Change From Baseline in Multiple Sclerosis Impact Scale-29 (MSIS-29) Physical Score Over 24 Weeks	Baseline to Week 24	The 29-item MSIS-29 is a participant-reported outcome measure to assess the impact of MS on day-to-day life during the past 2 weeks from a participant's perspective; it measures 20 physical items and 9 psychological items. The physical score is generated by summing individual items and then transforming to a scale with a range of 0 (no impact of MS) to 100 (extreme impact of MS); a negative change indicates an improvement in function. Data are based on a mixed model for repeated measures (MMRM) model using a common variance AR(1) variance-covariance matrix structure. Treatment, visit and treatment by visit interaction were included in the model as explanatory variables, adjusting for screening EDSS, baseline MSIS-29 physical score and prior aminopyridine as covariates. Missing data are handled using multiple imputation and baseline is defined as the mean over screening and Day 1.

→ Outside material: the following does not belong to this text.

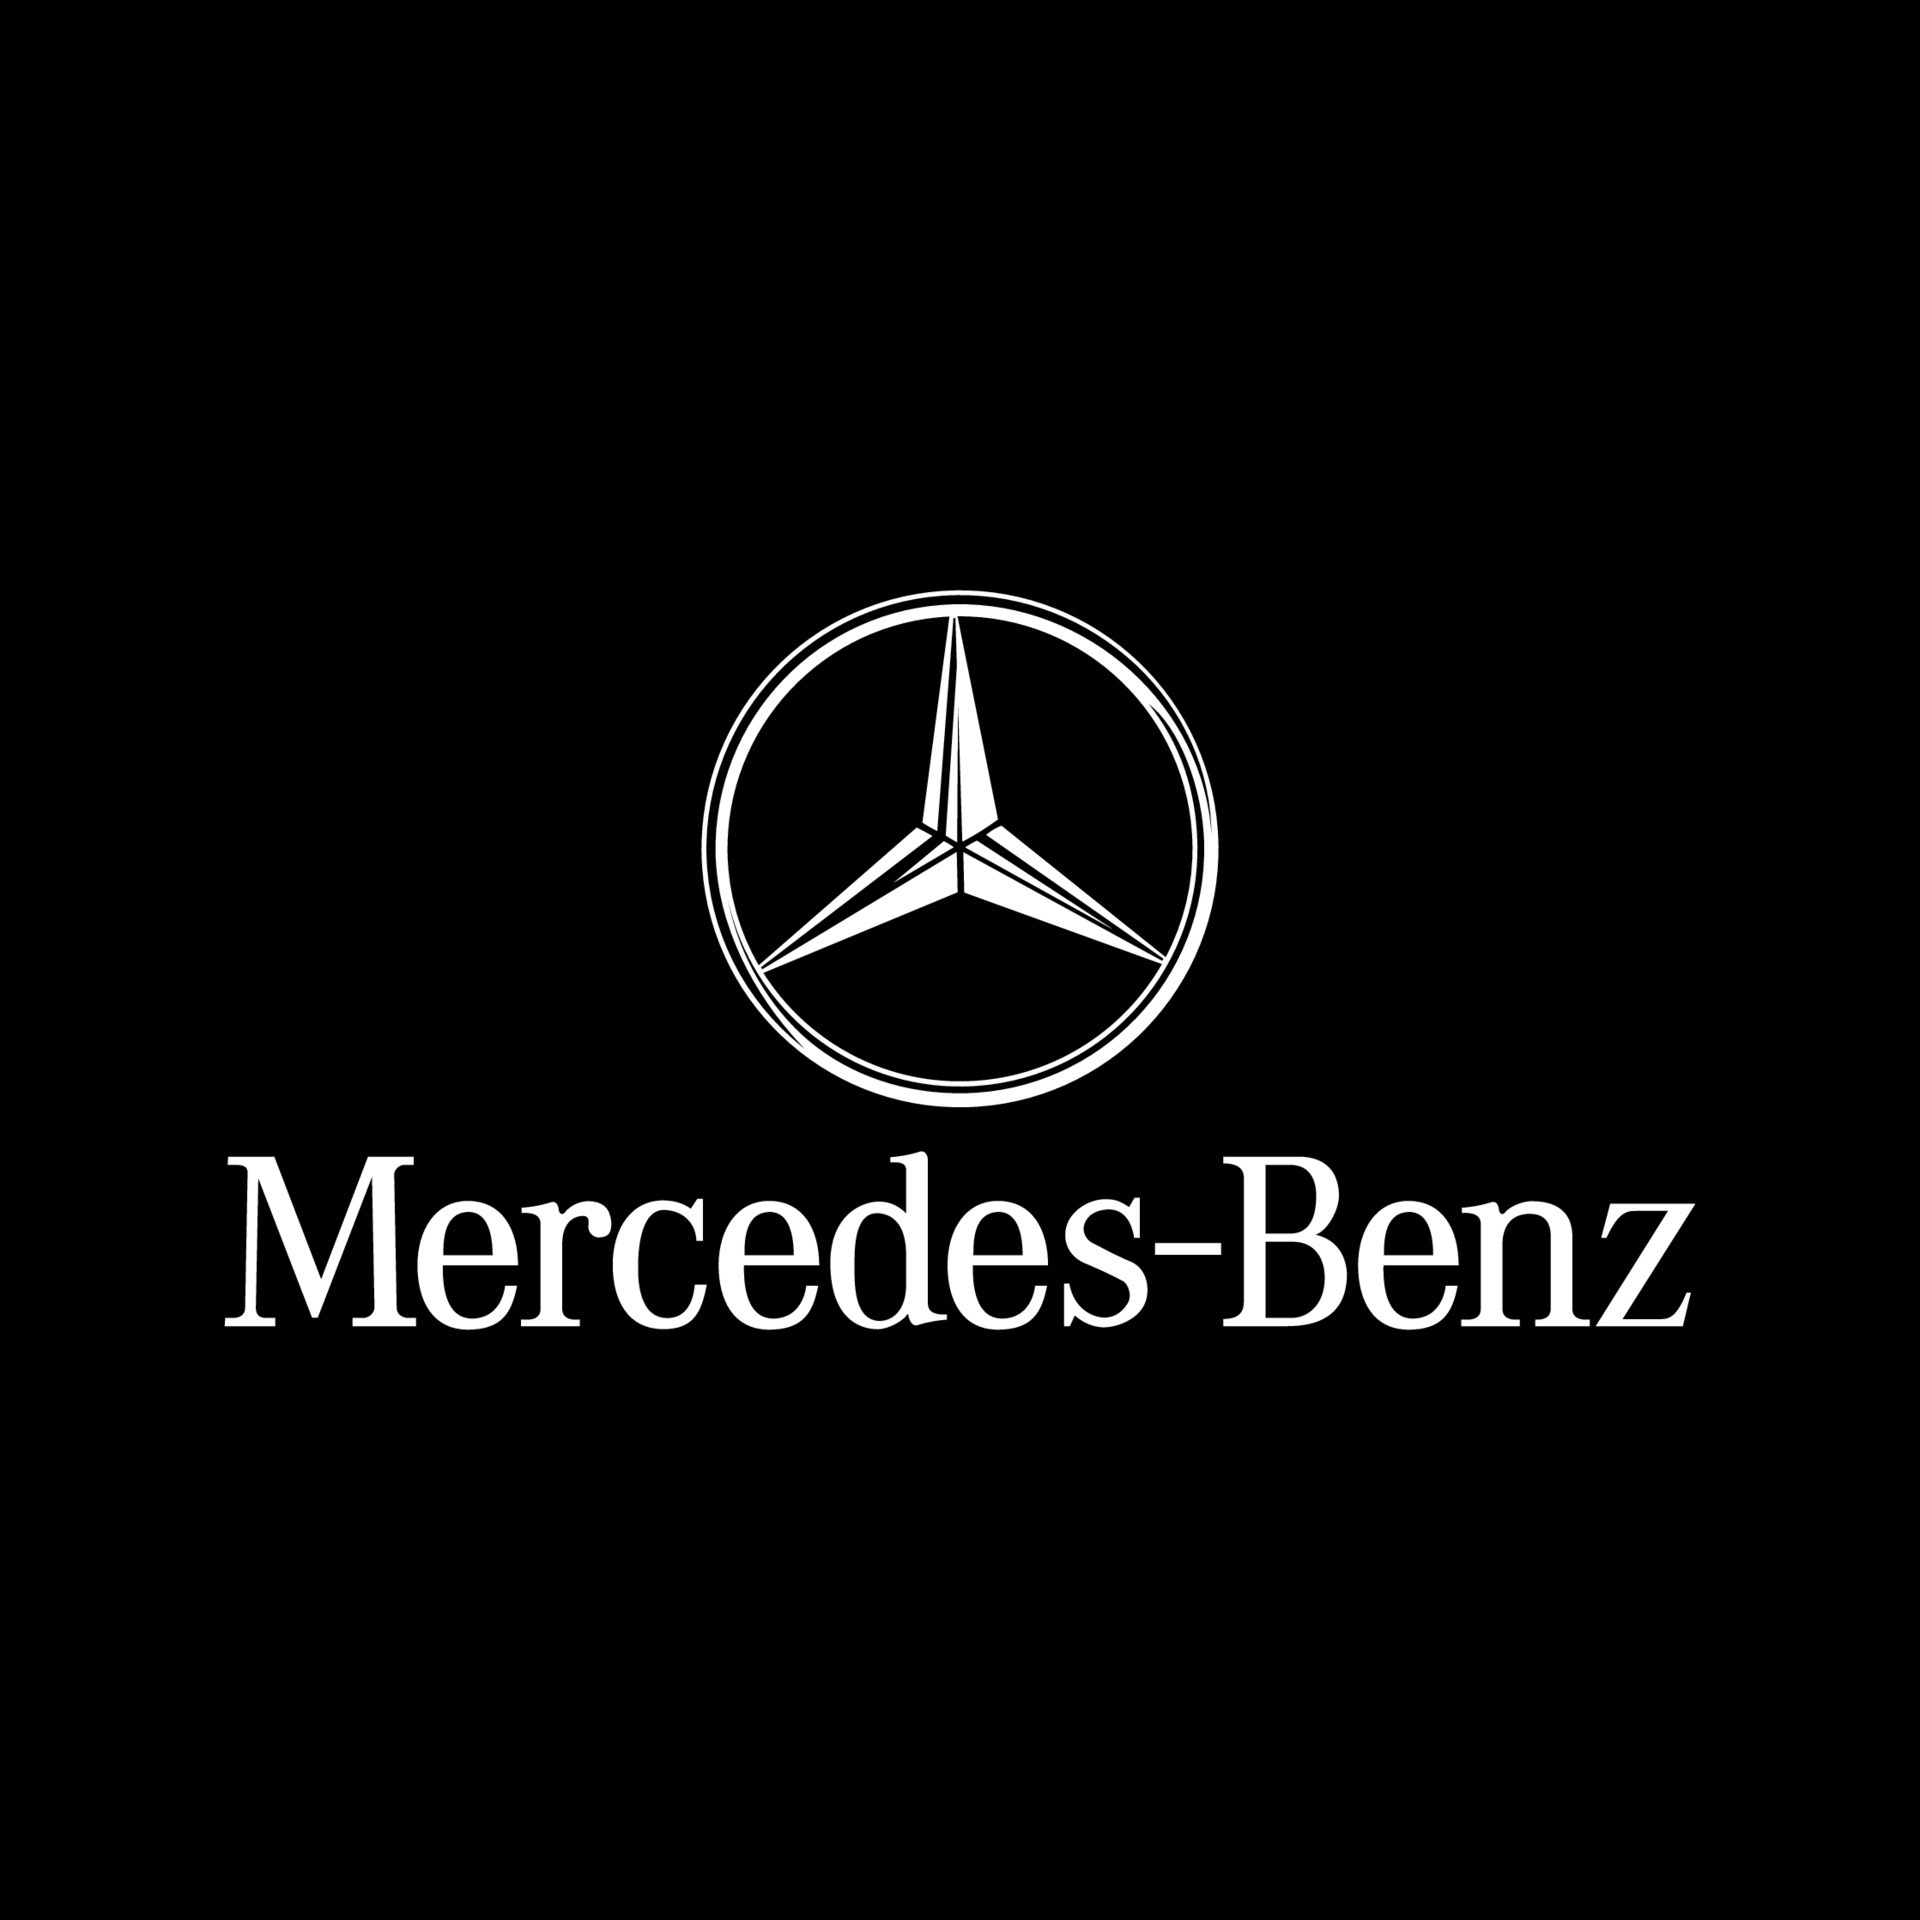 Mercedes benz brand logo symbol with name black Vector Image

Change From Baseline in Berg Balance Scale (BBS) Over 24 Weeks	Baseline to Week 24	The BBS is a widely used assessment tool to identify balance impairment. Functional activities such as reaching, bending, transferring, and standing are evaluated on the test to evaluate balance. Participants are asked to complete 14 tasks that are rated from 0 (cannot perform) to 4 (normal performance) for a total of 56 points. BBS scores range from 0 (poor balance) to 56 (good balance); a positive change indicates improvement. Data are based on an MMRM model using a common variance AR(1) variance-covariance matrix structure. Treatment, visit and treatment by visit interaction were included in the model as explanatory variables, adjusting for screening EDSS, baseline BBS and prior aminopyridine as covariates. Missing data are handled using multiple imputation and baseline is defined as the mean over screening and Day 1.
Change From Baseline in ABILHAND Score Over 24 Weeks	Baseline to Week 24	The ABILHAND Questionnaire measures a participant's perceived difficulty in performing everyday manual activities in the last 3 months. The participant completes a 56-item questionnaire by estimating their own difficulty or ease in performing each of 56 activities. Items are summed to generate a total score and transformed to a scale with a range of 0 (poor manual ability) to 100 (good manual ability); a positive change indicates an improvement in manual ability. Data are based on an MMRM model using a common variance AR(1) variance-covariance matrix structure. Treatment, visit and treatment by visit interaction were included in the model as explanatory variables, adjusting for screening EDSS, baseline ABILHAND and prior aminopyridine as covariates. Missing data are handled using multiple imputation and baseline is defined as the Day 1 assessment.